Biographical sketch

 

 

William Bialek is the John Archibald Wheeler/Battelle Professor in Physics at Princeton University.  He also is a member of the multidisciplinary Lewis–Sigler Institute.  In addition to his responsibilities at Princeton, he is Visiting Presidential Professor of Physics at the Graduate Center of the City University of New York, where is helping to launch an Initiative for the Theoretical Sciences.

 

Born in 1960 and educated in the San Francisco public schools, Bialek graduated from Lowell High School in 1977.  He attended the University of California at Berkeley, receiving the AB (1979) and PhD (1983) degrees in Biophysics.  After postdoctoral appointments at the Rijksuniversiteit Groningen in the Netherlands and at the Institute for Theoretical Physics in Santa Barbara, he returned to Berkeley to join the faculty in 1986.  In late 1990 he moved to the newly formed NEC Research Institute (now the NEC Laboratories) in Princeton, where he eventually became an Institute Fellow.  During his years at NEC, Bialek also made extended visits for research and teaching at many institutions around the world, including the University of California at San Francisco, the Hebrew University of Jerusalem, the Scuola Internazionale Superiore di Studi Avanzati in Trieste, Italy, and Princeton University; he joined the Princeton faculty as Professor of Physics in 2001.  In Spring 2008 he spent a sabbatical at the University of Rome, La Sapienza.

 

Professor BialekÕs research interests have ranged over a wide variety of theoretical problems at the interface of physics and biology, from the dynamics of individual biological molecules to learning and cognition. Best known for contributions to our understanding of coding and computation in the brain, Bialek and collaborators have shown that aspects of brain function can be described as essentially optimal strategies for adapting to the complex dynamics of the world, making the most of the available signals in the face of fundamental physical constraints and limitations.   More recently he has followed these ideas of optimization into the early events of embryonic development, and the processes by which all cells make decisions about when to read out the information stored in their genes.  His hope is that these diverse biological phenomena may be understandable through some unifying theoretical principles, in the physics tradition.

 

Throughout his career Bialek has been involved both in helping to establish biophysics as a sub-discipline within physics and in helping biology to absorb the quantitative intellectual tradition of the physical sciences.
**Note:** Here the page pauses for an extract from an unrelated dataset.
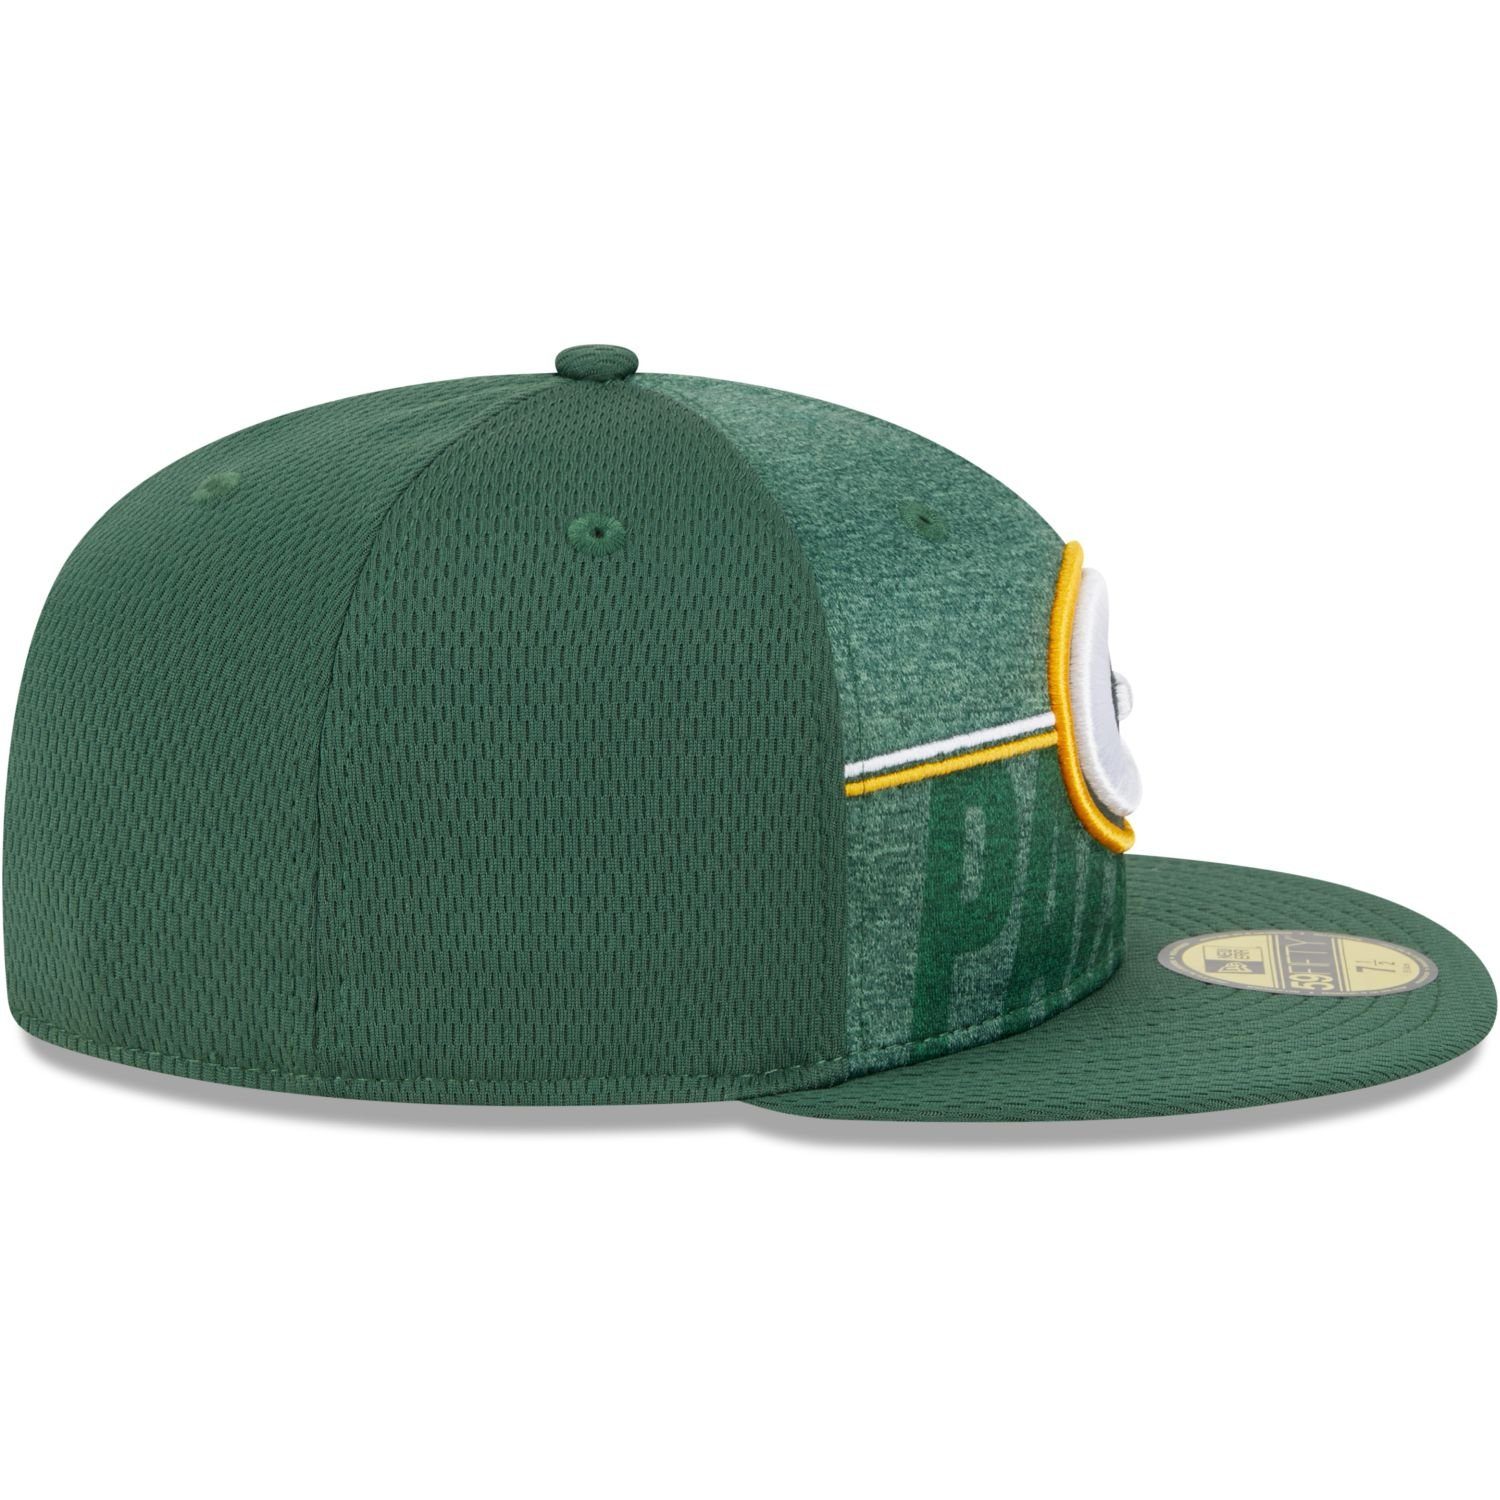 NFL TRAINING Cap Fitted Era Green 59Fifty Bay New Packers

During his years at NEC he organized the Princeton Lectures on Biophysics, a series of workshops that provided many young physicists with an introduction to the challenges and opportunities at the interface with biology.  For more than twenty years Professor Bialek has participated in summer courses at the Marine Biological Laboratory in Woods Hole, Massachusetts, serving as co-director of the computational neuroscience course in the summers of 1998 through 2002. Currently he is involved in a major educational experiment at Princeton to create a truly integrated and mathematically sophisticated introduction to the natural sciences for first year college students.